Next, there is the method of narration. Narration is the art of "telling back" and is the foundation of a Charlotte Mason language arts program. Through it the child learns composition and demonstrates reading comprehension. Vocabulary is built. Narration is the key that unlocks the CM education because it creates a relationship between the child and the text. In order to use narration in your homeschool, first select a passage that contains one episode--- usually a chapter, but it can be as short as a paragraph, especially for younger children. BEFORE you read, identify any complicated ideas or words you think the child may have problems with. For younger children, it may help to draw a narration map containing all the main characters and events in picture, or for an older child you can simply write on a white board the names of the places and people involved. Then read the story all the way through. Do not repeat yourself. If the child misses what happened.... tell them to pay closer attention next time and don't go back.  Read animatedly and with expression in your voice. Do not stop to explain terms you think are difficult, but if the child asks what something means feel free to go ahead and answer and move on. Once you are done reading, close the book and ask the child for a narration. In the beginning, they may give you only a sentence, but within weeks of daily practice they will be able to re-tell the story, often surprising you with the vivid details and language they can use. After they have narrated, you can join in the "Great conversation." This is the dialogue of the ages and puts you in partnership with other thinkers of ideas gone past. Have the child ask you his or her questions. Don't ask your own until they have done so, but feel free then to point out something they might have missed. The idea is to allow them to make their own connections. Do not begin to use this method until the child is ready-- ideally around 6. Never force a narration out of a child younger than six. In the beginning, the child will be narrating books which you have read to her/him. By the end, the child will be narrating his/ her own books to you--- usually starting around 3rd or 4th grade.

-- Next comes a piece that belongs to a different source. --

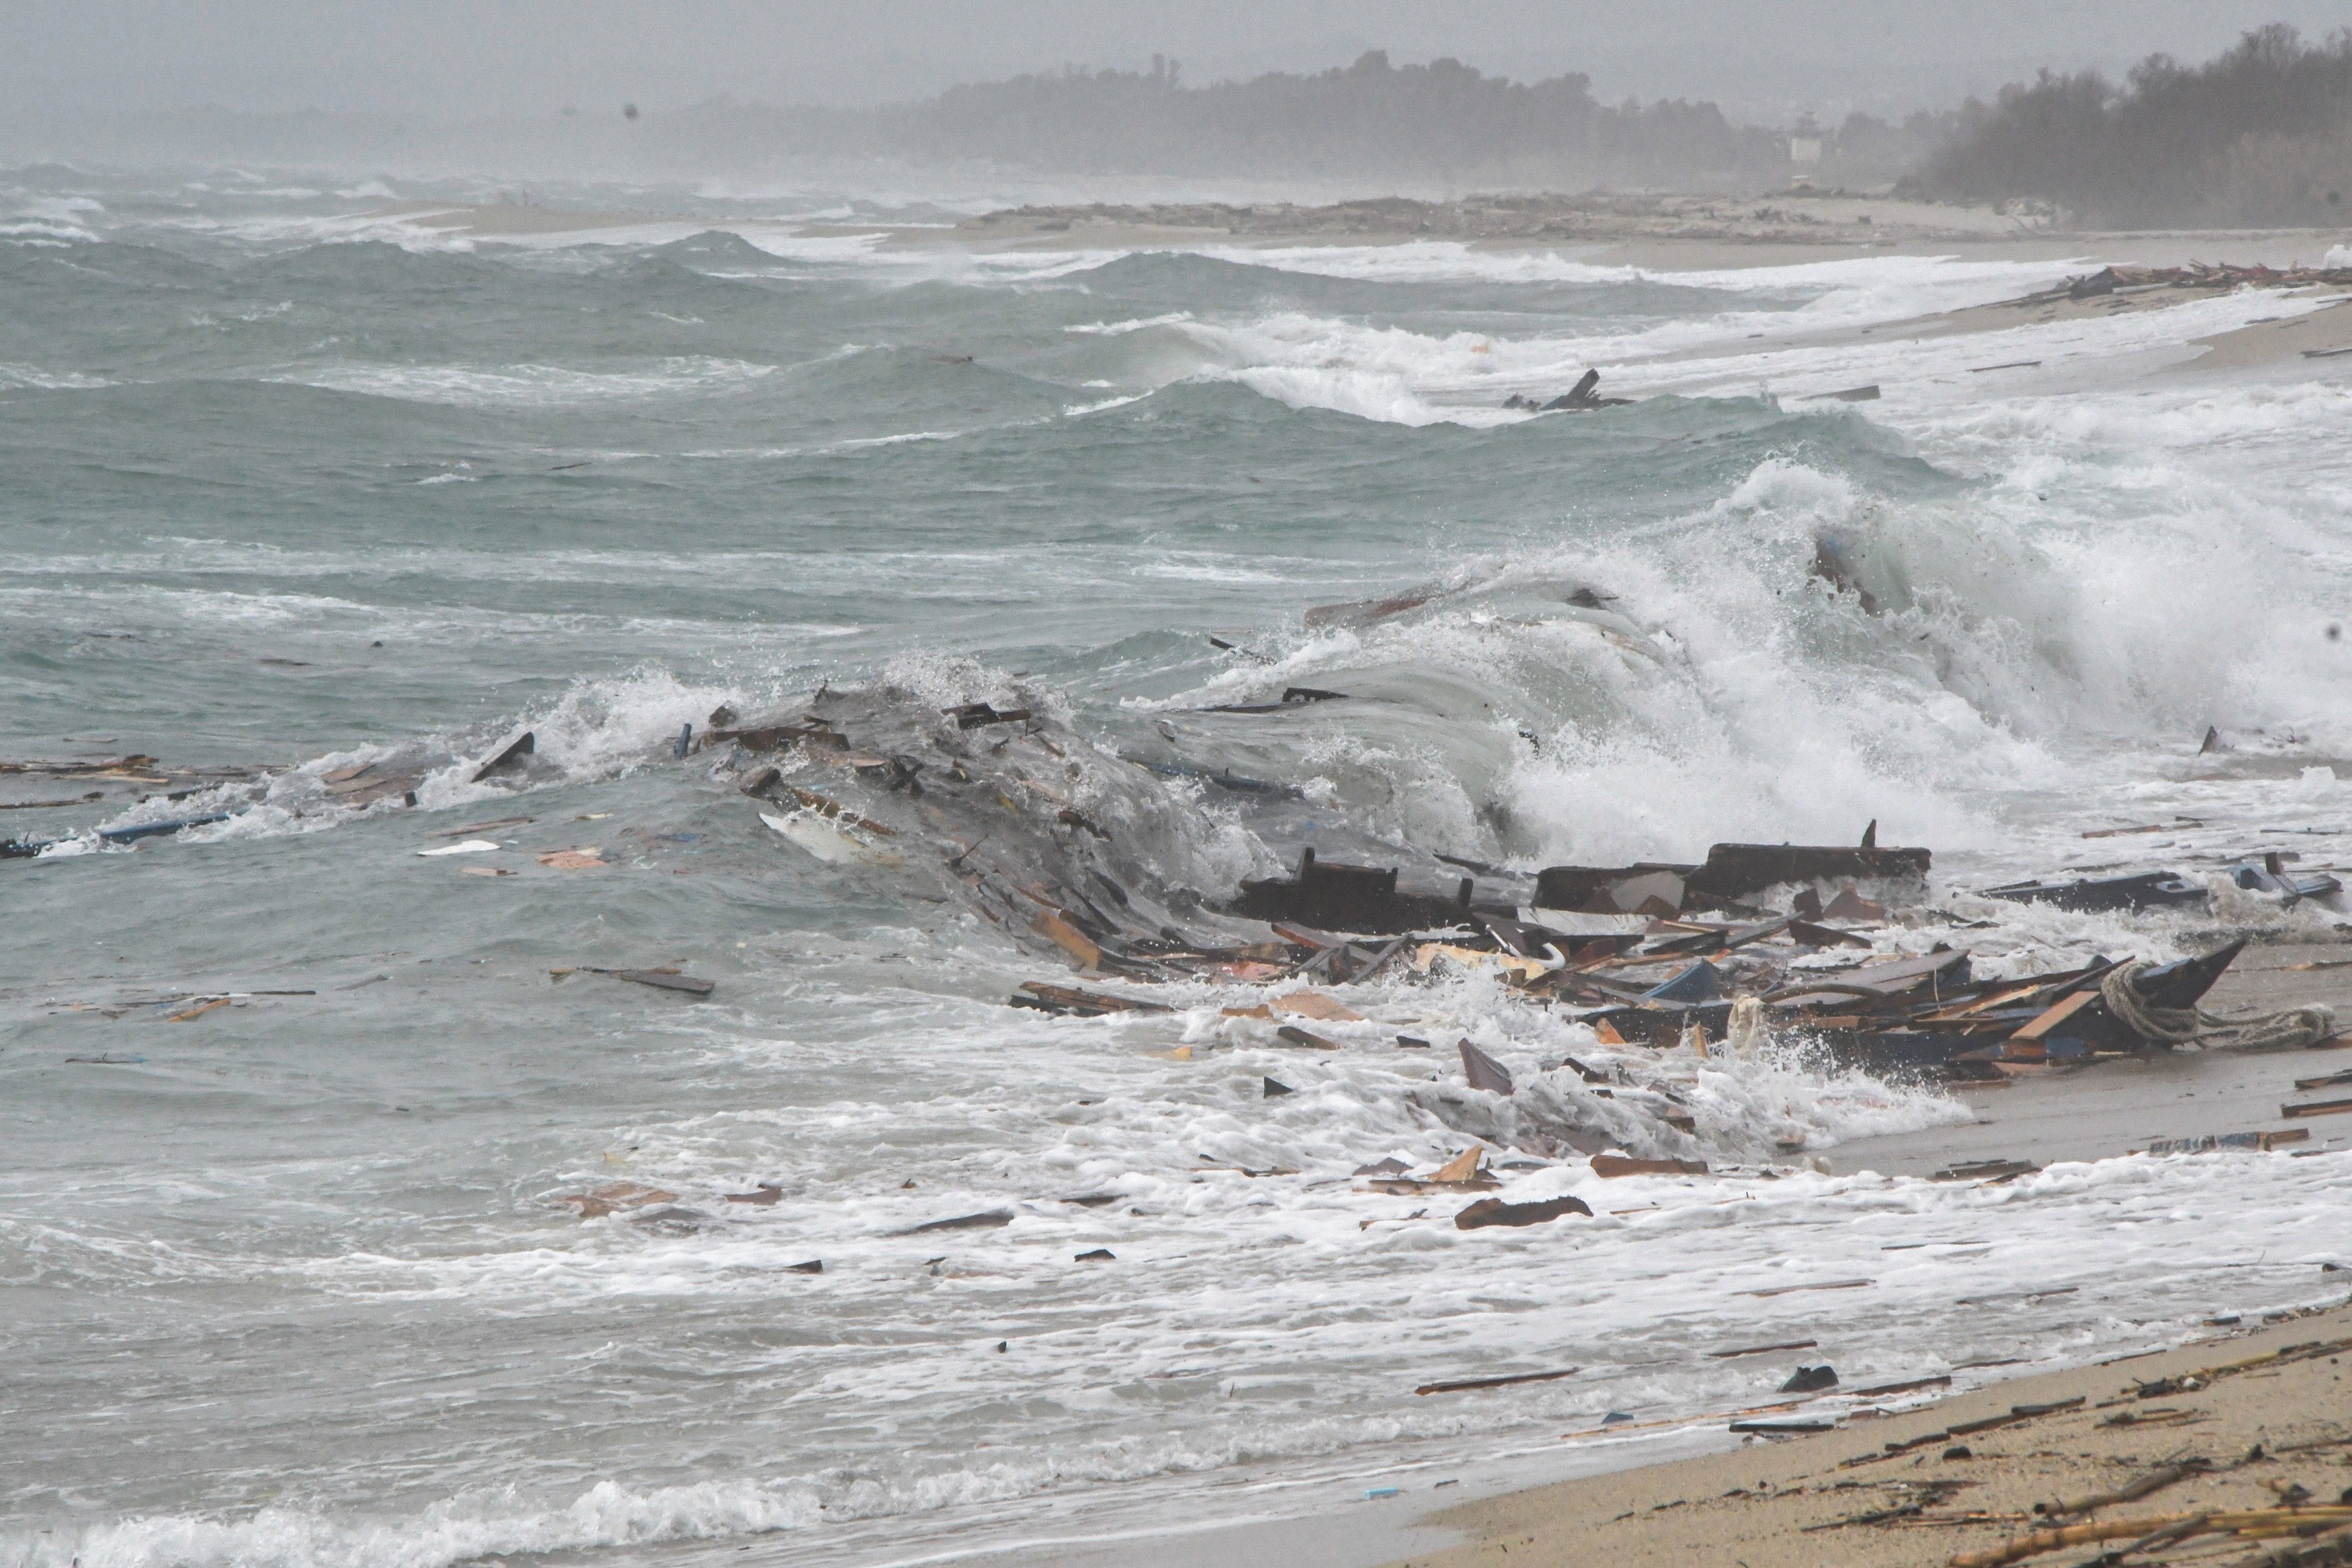 Wreckage from the boat that has washed up ashore. /Giuseppe Pipita/Reuters

The Book of Centuries is next. Like many homeschoolers, Charlotte Mason's students used a timeline, but instead of a flat timeline they created their own timeline notebook. This enabled them to interact with the topics they studied and see them in chronological order as a whole leading through time. When you study a historical person, place, or event, you can include it in your Book of Centuries. Usually, families with students younger than 4th grade will have a communal Book of Centuries and then each student will keep their own. For younger students I will often put the narration map we drew into the book as the entry for that event or person-- it later helps to jog their memory when they go over the book. In geography, Charlotte used map drills, usually asking children to fill in blank map outlines. She also used poetry and art and nature study to help children develop a relationship with the lands they studied.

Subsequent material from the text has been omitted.